This is the net that each one of us can equip ourselves with for the job of fishing for people. The more we learn about the teachings of the new Christianity, connecting them with all our other thoughts, and the more we ponder those teachings and make them an active, working part of our lives, the bigger and more effective a net we have at our disposal.

As we go out among family, friends, co-workers, and other acquaintances, we can be casting that net out into the world, seeking other souls who might also be captured by this net of spiritual doctrine, just as we ourselves were. And the parable is quite clear in saying that we are seeking to catch fish of all kinds. We never know who will end out being receptive to a higher way of life, and who will not. So we must spread our nets broadly, and not count anyone out--even if he or she looks like a poor prospect for the church. Later in the parable, the good fish are sorted from the bad. But we have to catch them first!

I encourage you, then, to engage the people you see each day in conversation, and let the subject move to deeper and more spiritual subjects when it is appropriate and there is a willingness to go in that direction. Be willing to look below the surface of people's lives, and listen for their deeper struggles and questions. If you find you have something to offer from your faith, have the courage to offer it with no strings attached, simply as a possible pathway of thought or action that might be helpful to them. As time goes by, you will find out which ones also get "caught up" in this wonderful faith that means so much to us.

Now let's get back to the individual level. I mentioned that the "sea" in us is the reservoir of our memory--the gathering place of everything we have learned and of all our experience. Our mental fish, then, are those parts of our learning and experience that have come alive for us. And what comes alive for us are those thoughts, ideas, and experiences that relate to things we love and enjoy.

We can tell where our mental fish are from the things we pay attention to and gravitate toward in the sea of information and activities around us. It is like standing in front of a big magazine display rack in a store. Which magazines catch our interest? Which ones do we take off the rack? Sports? Cooking? Science? Politics? People? Nature?

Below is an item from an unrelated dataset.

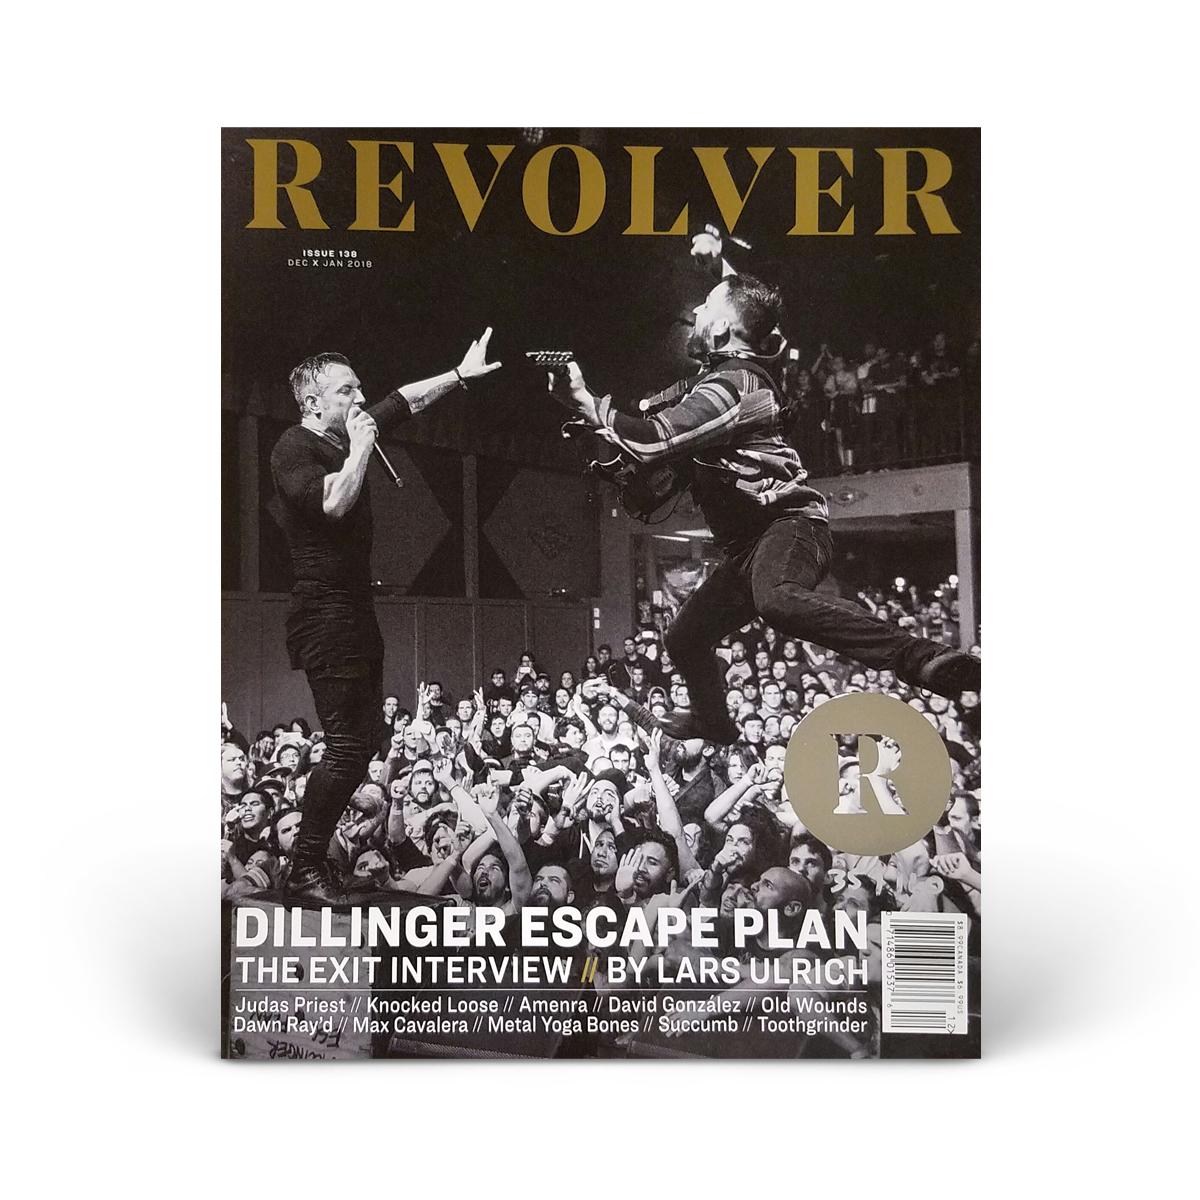 SILVER Collector's Edition Dec/Jan 2018 Issue - Dillinger Escape Plan
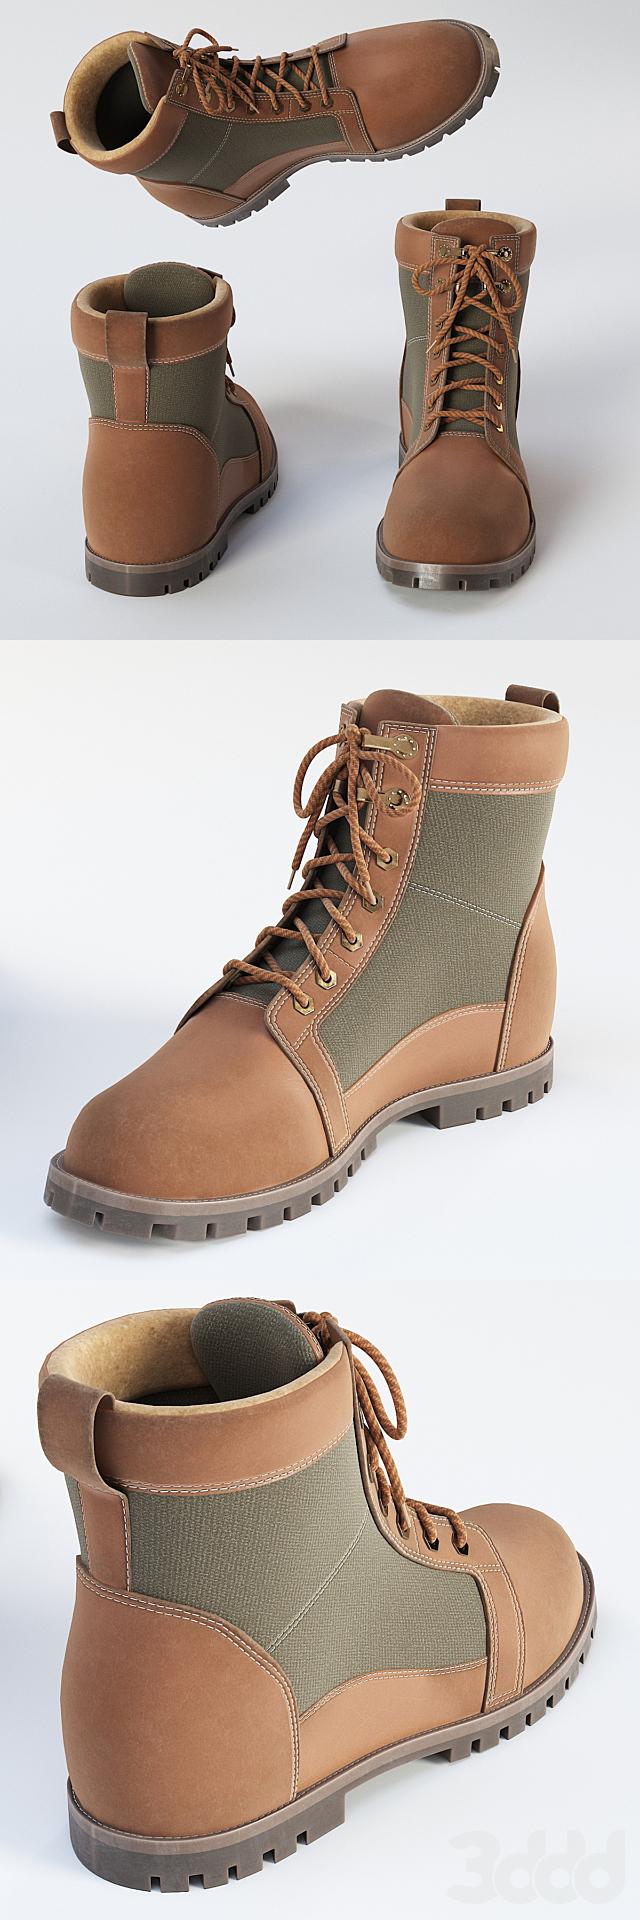 Kodiak Thane Boots

Expand that to all the things we encounter in the world around us each day that engage our mind, and we have identified our mental fish.

As with fishing for people, fishing for living ideas in our minds involves forming some orderly, coherent principles of life that we can use as a net to draw out of our memory those particular living ideas and experiences that will feed our mind and heart, and help move us forward on our chosen path. Each of us has many life experiences; each of us has learned many things. All of them form a part of our memory and our life. But some of them will stand out for us especially strongly, and become an integral part of how we live each day. Others we will throw back into the sea of our memory, perhaps to catch again some time in the future when it has matured or perhaps to leave behind for good. We will need to sort one from another, and decide which, for us, are the good fish, and which are the bad.

This time of sorting is a time of judgment. When speaking collectively of humankind, as Jesus does in his explanation of the parable, the time of judgment is the time when we are gathered into the spiritual world after death, and our true, inner character becomes known. Then we will each find ourselves sorted out according to our own desires, inclinations, loves, and actions. If we enjoy serving our neighbor and doing the Lord's will, we will feel more and more strongly drawn toward heaven, where others like us live. But if the only things we love are having others serve us, and gaining money, power, and pleasure for ourselves alone, then we will find ourselves drawn strongly toward hell, where others live who care only for themselves, and not at all for others--and who actively hate and reject God because they have chosen a path contrary to God's way of love.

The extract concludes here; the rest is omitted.